I'd rather use 3 in that case.
post #11 of 54
Quote:
Originally Posted by daijones View Post

Apple will have to try a little harder with the iPhone in Europe I suspect. The market there is a little more mature, and the iPhone seems to be lacking some features that may be expected, for example multimedia messaging (MMS) as well as text messaging.
D

The iPhone does have text messaging - it's right there on the main screen - SMS! It threads the conversations in the nice iChat-esque bubbles too.
I don't think they will do MMS, as that is why the iPhone features real email - you can attach as many files as large as you want, and as much text as you want, without being imposed by size and character limits like MMS.

I'm glad it's Vodafone - they are the best network in New Zealand, and If I have to resort to a contract, I'd much rather be with them than Telecom.
post #12 of 54
NOT Vodaphone.......they are everything Apple is not. O2 maybe, orange even better but Vodaphone will kill the product. Lets hope Apples Market Research team are screaming at them....."No!"
post #13 of 54
Quote:
Originally Posted by mono View Post

Dear Apple

Please ensure you look closely at Vodafone's customer service record and satisfy yourself that the "200 million subscriber base, broad country coverage, and investment in advanced technologies" aren't blinding you to the one reason I would not choose this company unless I absolutely had to.

I really want an iPhone, but I really, really don't want to be on a contract with Vodafone. I hope you can convince me that you make the right choice for what *I* need from a mobile comms company. If you must go with this operator at least let me have the option to pay full whack for the handset and just have a monthly contract, as I did with O2 and my Sony Ericsson K800i. I don't like to be tied to anyone - it gives them free reign for shoddy service. (O2, I have to say, though, are very good, even if their website and Safari sometimes aren't on the best of terms).

My sentiments exactly. Vodafone may have the best signal coverage here in UK, but not very good customer service. I am happy to forego the coverage for the excellent service and support from O2. On rare occasions they make a mistake, usually on upgrade time, but they are always happy to compensate financially as a goodwill gesture, and/or offer a product such as a bluetooth dongle free, as well. In the many years I have been with them, I cannot fault them, unlike Vodafone when I was with them.
post #14 of 54
I live in the UK, and I've been on O2 for years. They're alright, but a bit of a scam.

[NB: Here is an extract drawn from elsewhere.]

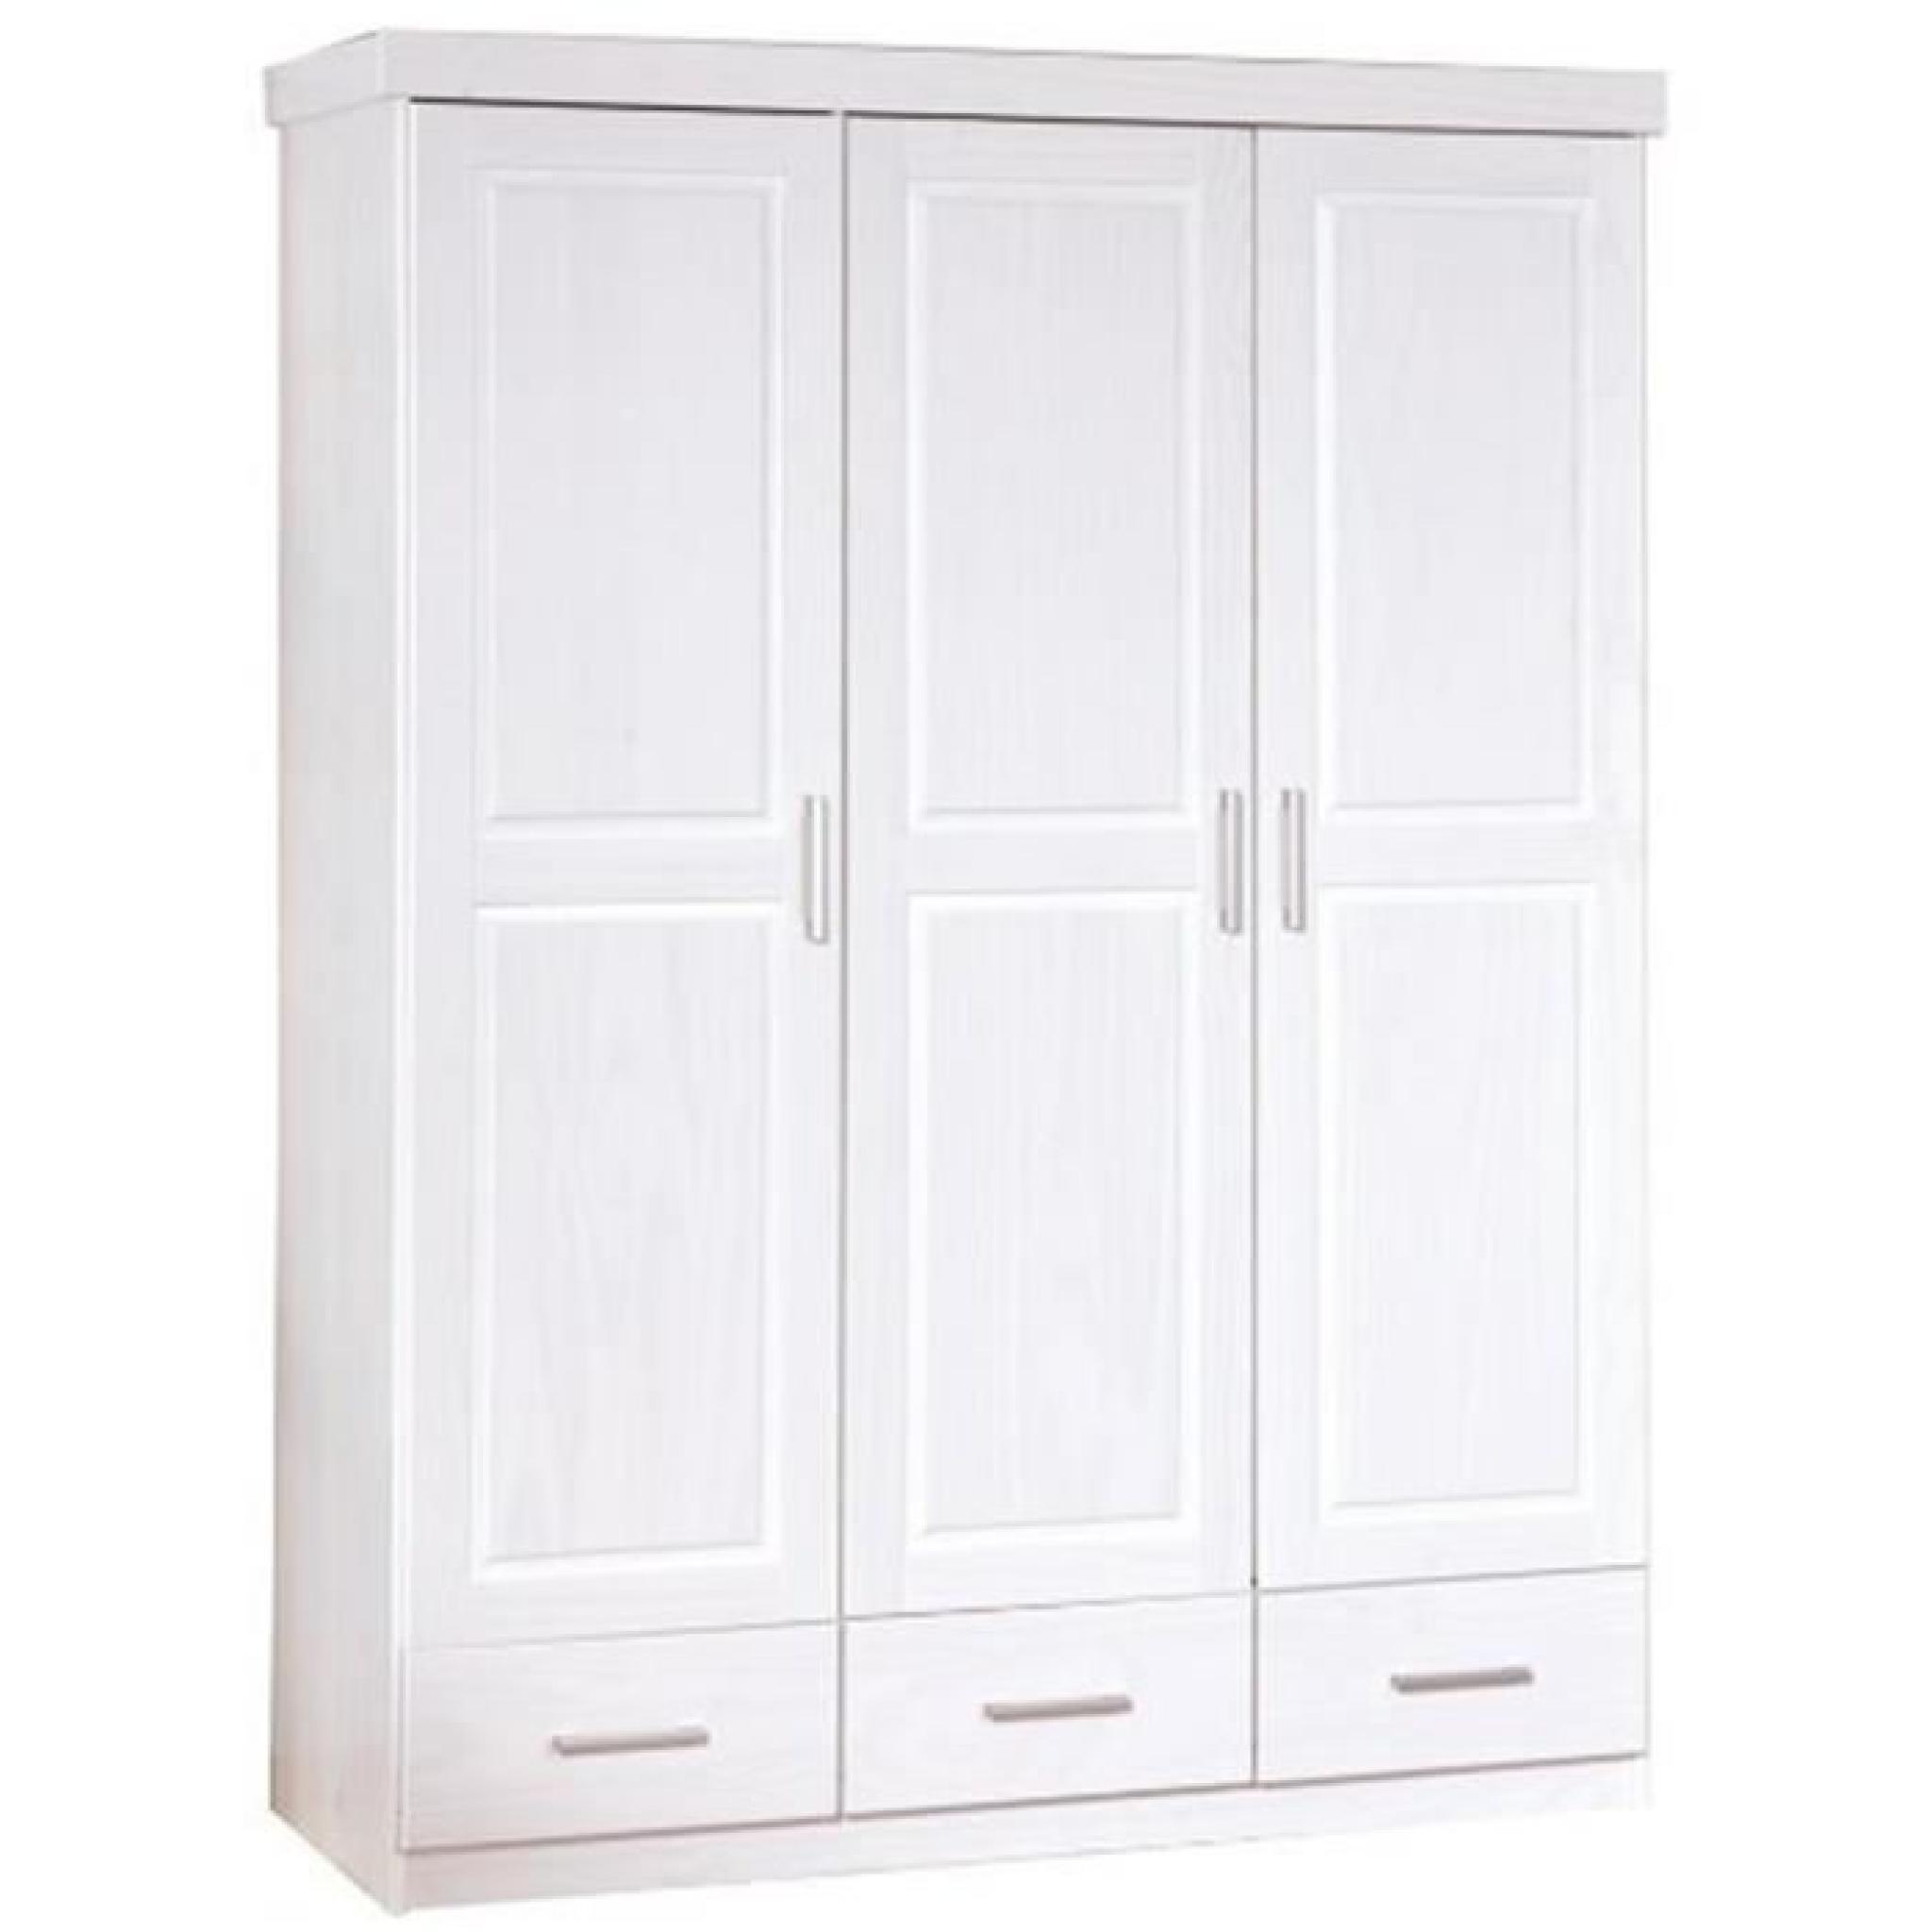 Armoire avec 3 portes et 3 tiroirs blanc, Dim :...

I recently switched to T-Mobile who are good, but because they are based in the US also that would cause alot of problems with AT&T I guess.

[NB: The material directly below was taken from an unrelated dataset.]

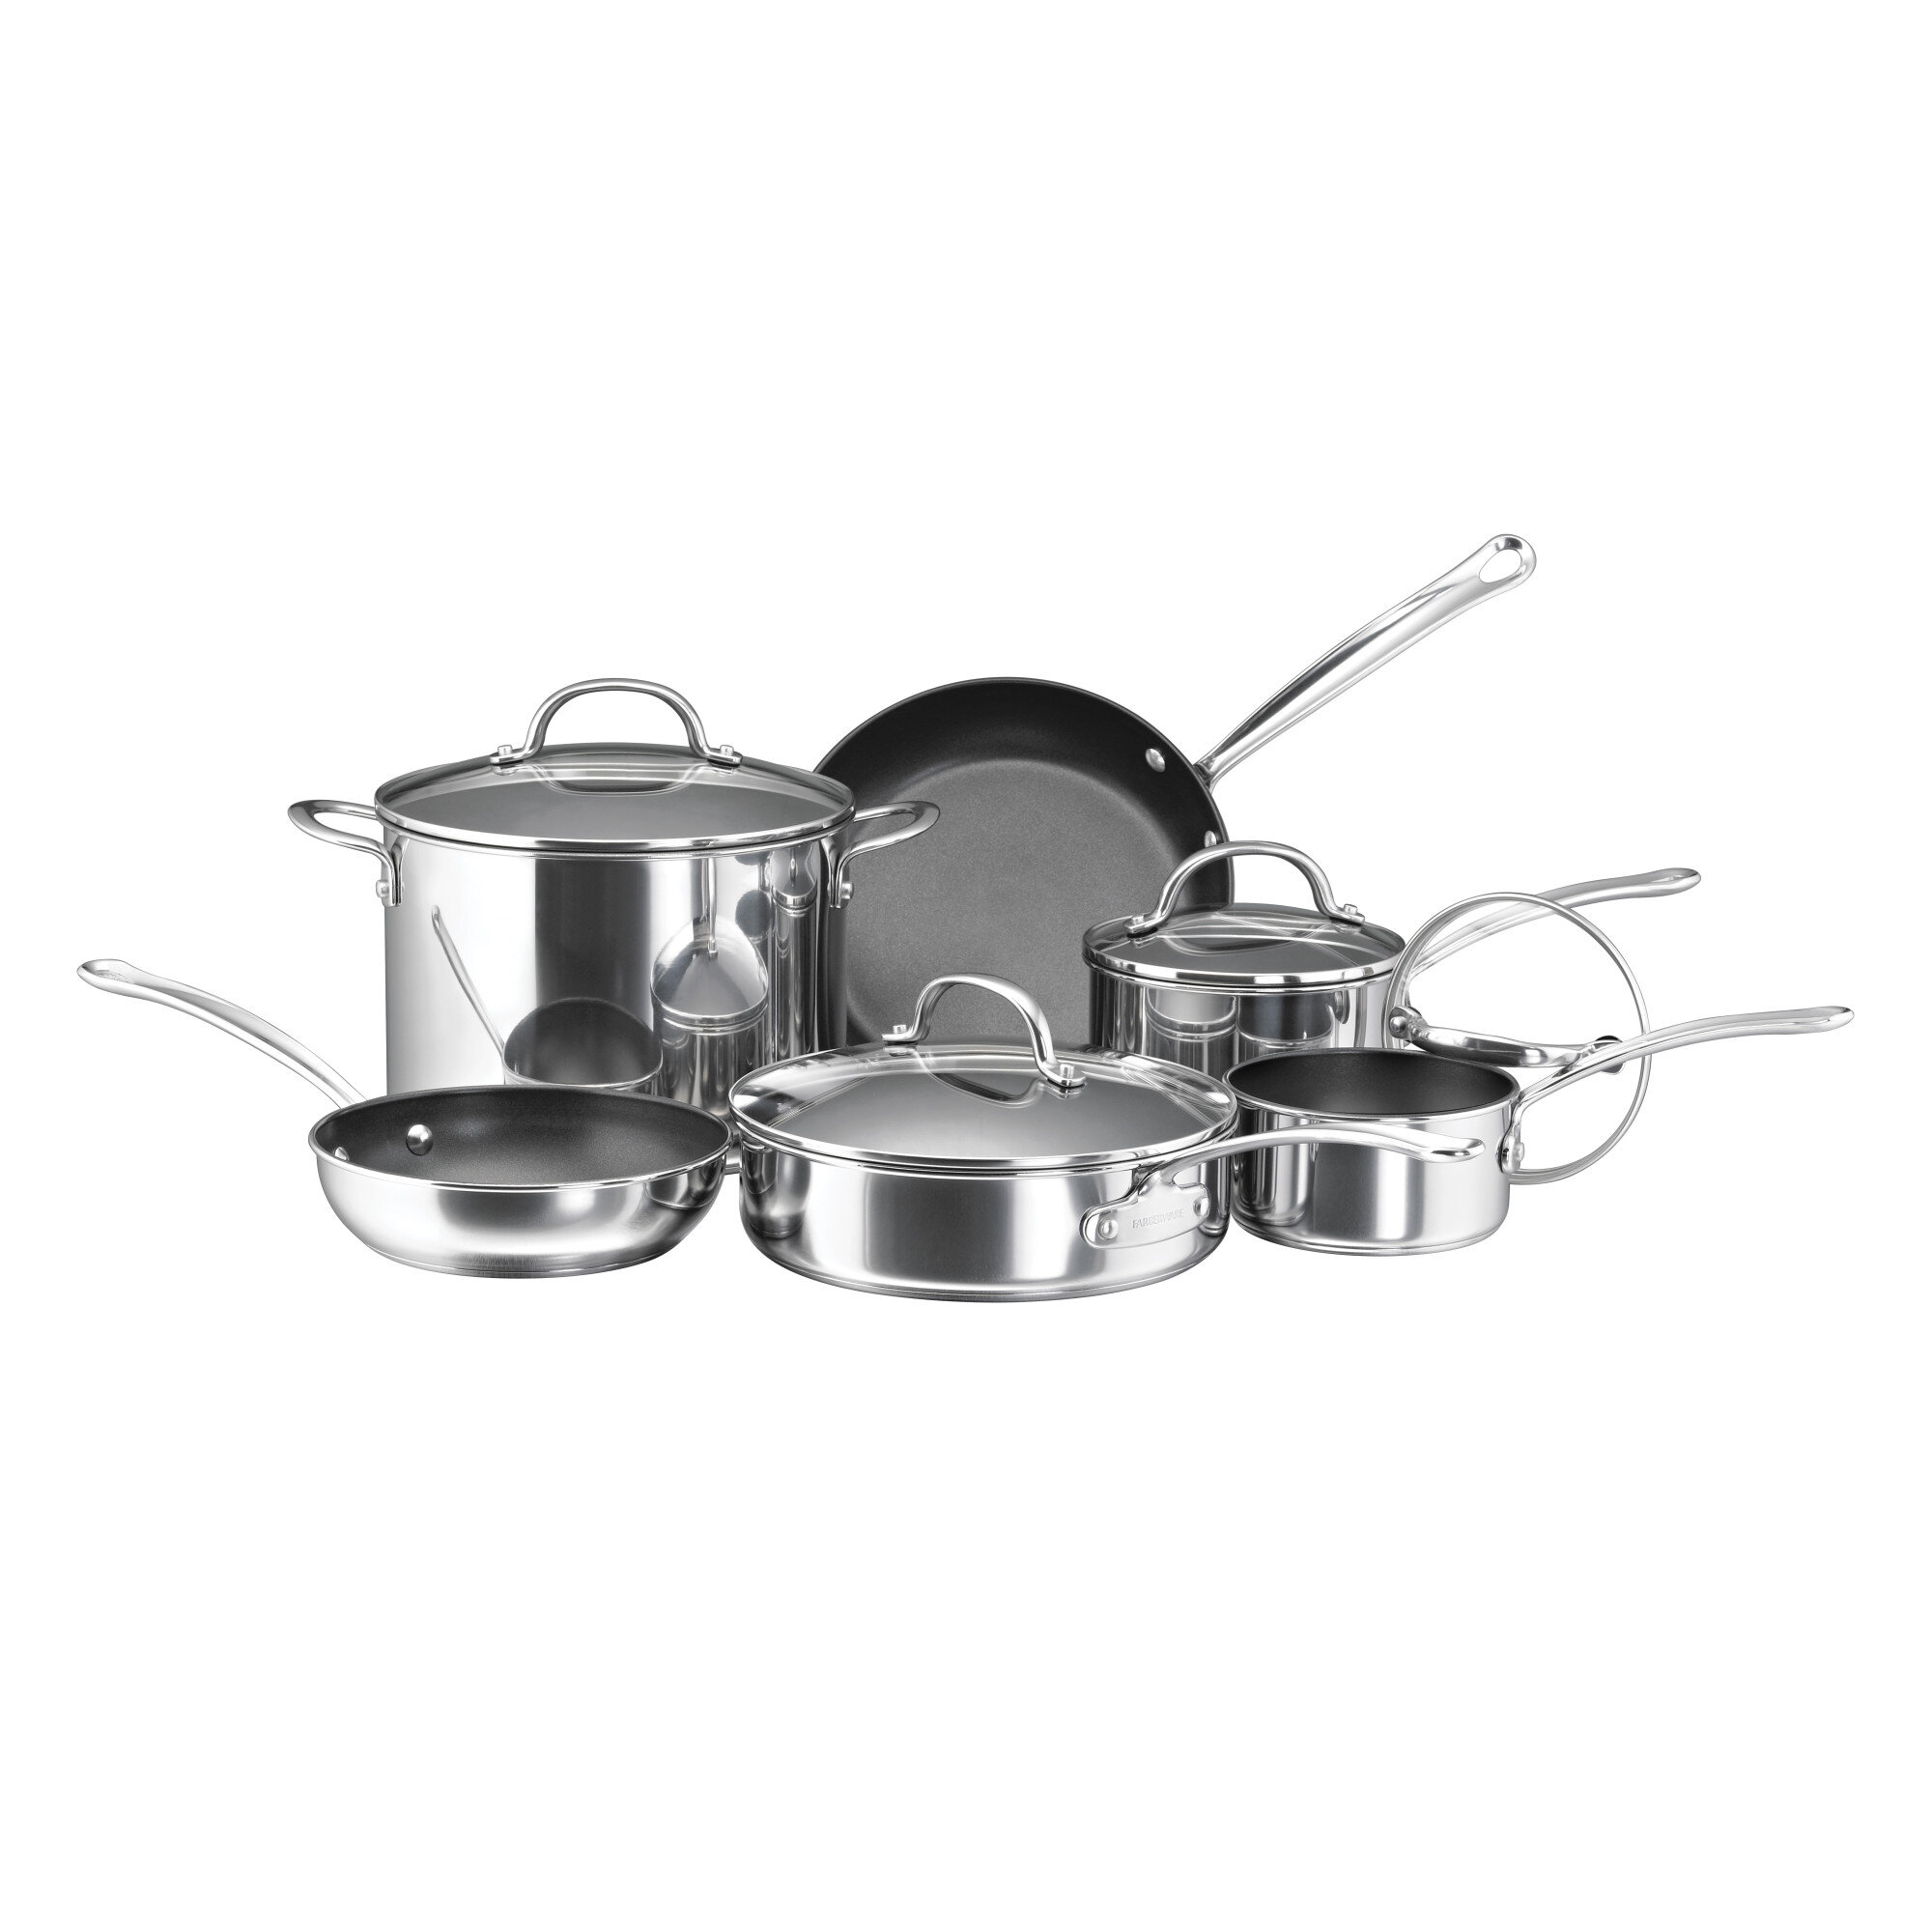 https://assets.wfcdn.com/im/31231807/compr-r85/1707/170747197/farberware-millennium-stainless-steel-nonstick-cookware-set-10-piece.jpg

The #1 network in the UK for Apple I guess is Orange, because they are cheap in some ways, easy to deal with and have lots of customers who trust them and enjoy using their network. Orange also extends to parts of Europe, as I see when I'm roaming.

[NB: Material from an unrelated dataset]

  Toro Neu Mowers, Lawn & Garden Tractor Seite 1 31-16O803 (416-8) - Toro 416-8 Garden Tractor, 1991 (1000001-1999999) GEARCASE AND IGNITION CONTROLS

Another network they could use is 3, but I think that it's based in the UK only and for anything 2G, it uses other networks (Orange, switching to O2 soon I think).

Meh.

-tj
post #15 of 54
Quote:
Originally Posted by the_snitch View Post

The iPhone does have text messaging - it's right there on the main screen - SMS! It threads the conversations in the nice iChat-esque bubbles too.
I don't think they will do MMS, as that is why the iPhone features real email - you can attach as many files as large as you want, and as much text as you want, without being imposed by size and character limits like MMS.

I'm glad it's Vodafone - they are the best network in New Zealand, and If I have to resort to a contract, I'd much rather be with them than Telecom.

If Vodafone is the best in NZ - I feel sorry for you, because they are utter *&^%$% here in Ireland.

Unfortunately, I am a Vodafone customer and I would love to ditch them but there is one spot in the country I need to use my phone where you can only get a Vodafone signal - otherwise I would dump em quick.

Vodafone in Ireland do not let you use an email client on your phone unless you have a contract. They wont let you use your mobile as a IRDA modem for your laptop either unless you are on a contract.

I wouldn't put it past them to try and insist the WiFi is nobbled as well - actually I 'expect' them to insist on it.

If you are on pay-as-you-go, they basically try not to let you do anything except talk and text. Their business model seems based on trying to force as many customers as possible onto monthly accounts/contracts.

Much as I would love an iPhone, I wont be getting one until I can buy one that is unlocked.
post #16 of 54
Quote:
Originally Posted by tomozj View Post


Another network they could use is 3, but I think that it's based in the UK only and for anything 2G, it uses other networks (Orange, switching to O2 soon I think).

It exists in Sweden too, with fallback to Vodafone/Telenor for GSM.
post #17 of 54
I've never had a problem with Vodafone. They have a decent coverage, much better than the other networks and have a reasonable pay as you go plan for everything but data. A lot of my friends who are on O2 or Orange have problems getting a signal even so I have no problem. Mind you Mainland Europe has a much better signal than the UK. T-Mobile is my next choice at the moment due to their excellent pay as you data plan. However T-Mobile's coverage has a problem with their crap coverage.
post #18 of 54
awww.. not vodaphone...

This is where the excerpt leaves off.